Как мне теперь из Киева уйти с дружиной? Каждый день буду думать: а что, если брат любезный там в Киеве уже на мой стол мостится?
– Но что же с Олеговной делать? – Эльга развела руками и уронила их на колени. – Правда, что ли, к грекам ее в монастырь отослать?
Хотелось плакать: вот ведь навязалась беда!
– А это что за хрень?
– Это вроде святилища, где девы и жены ведут жизнь чистую и Богу служат.
– Нет уж. Мне отсюда не видать, чему она там служит и как. Я ее сам за себя возьму, и с плеч долой заботу.
– Сам? – изумилась Эльга, давно отбросившая такую возможность. – Да ну как же… Прияна же вернется…
– И что? Я первый буду, у кого две жены?
– Она не согласится! Горяна не пойдет за тебя! И Предславич ее не отдаст. Она и за Улебку не хотела, пока он не окрестился…
– Ну, креститься я не буду, а пойдет не пойдет… Кто ее спрашивает?
Святослав встал. Эльга тоже поднялась, потрясенно глядя на него.
– Что ты задумал?
– Ты же хотела? – Святослав выразительно поднял брови. – Ты же меня понукала: женись на Олеговне да женись! Вот – женюсь. Завтра, коли уж вы все приготовили. Чего тянуть? При такой бойкой родне ворон считать нельзя – без портков останешься.
– Но ты хоть поговори с ними…
– Чего говорить?
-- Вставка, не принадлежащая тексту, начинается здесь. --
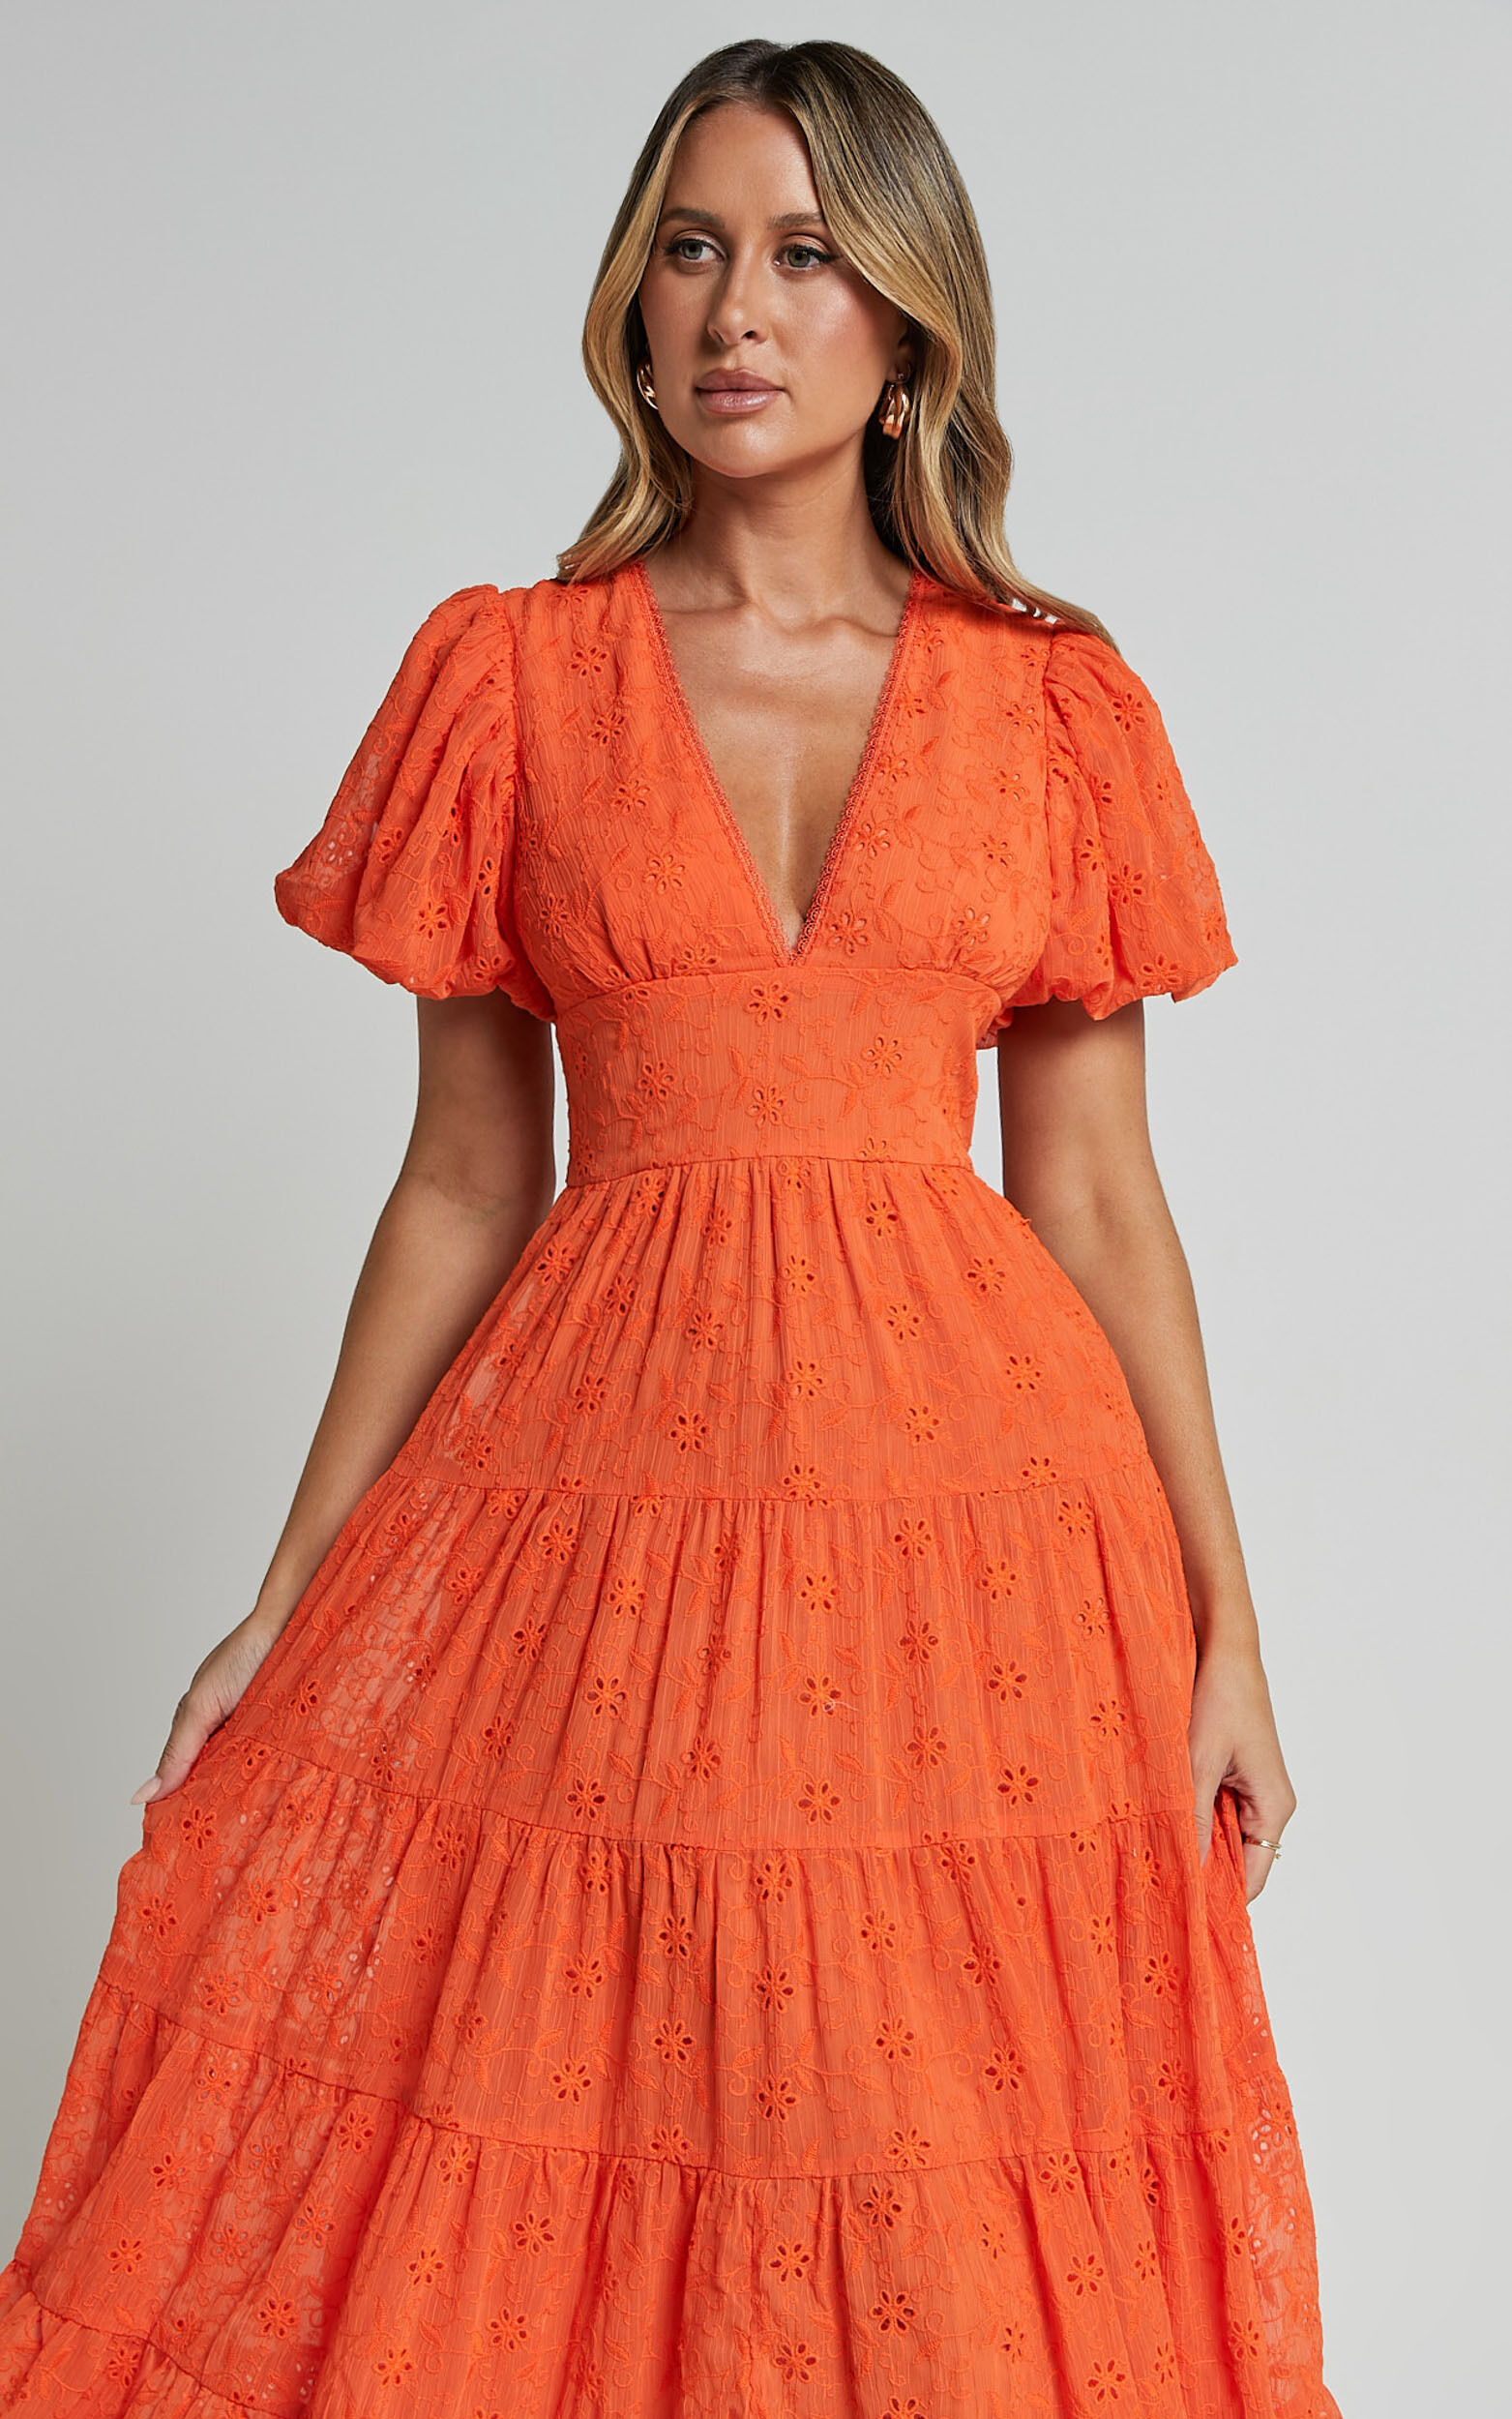 Circolo 1901 long-sleeve midi dress - Orange

Невеста готова, пир готов, жених тоже. – Святослав пошел к двери, но обернулся. – А ты вот Улебке передай: вздумает бузить – не помилую.
Едва она достаточно собралась с мыслями, чтобы послать отрока к Олегу, как ввалились оба старших воеводы – все еще в кольчугах, во вчерашних рубахах, усталые и невыспавшиеся. Немедленно потребовали жрать и кликнули оруженосцев – снимать кольчуги. Как оказалось, для них еще не кончился вчерашний день: они немного подремали по очереди, а весь остаток вечера, ночь и утро ездили по городу со своими отроками, следя, чтобы народ не бузил, и своим видом усмиряя волнения. После возвращения князя с того света город словно умом повредился и устроил гульбу, будто Коляда пришла раньше срока.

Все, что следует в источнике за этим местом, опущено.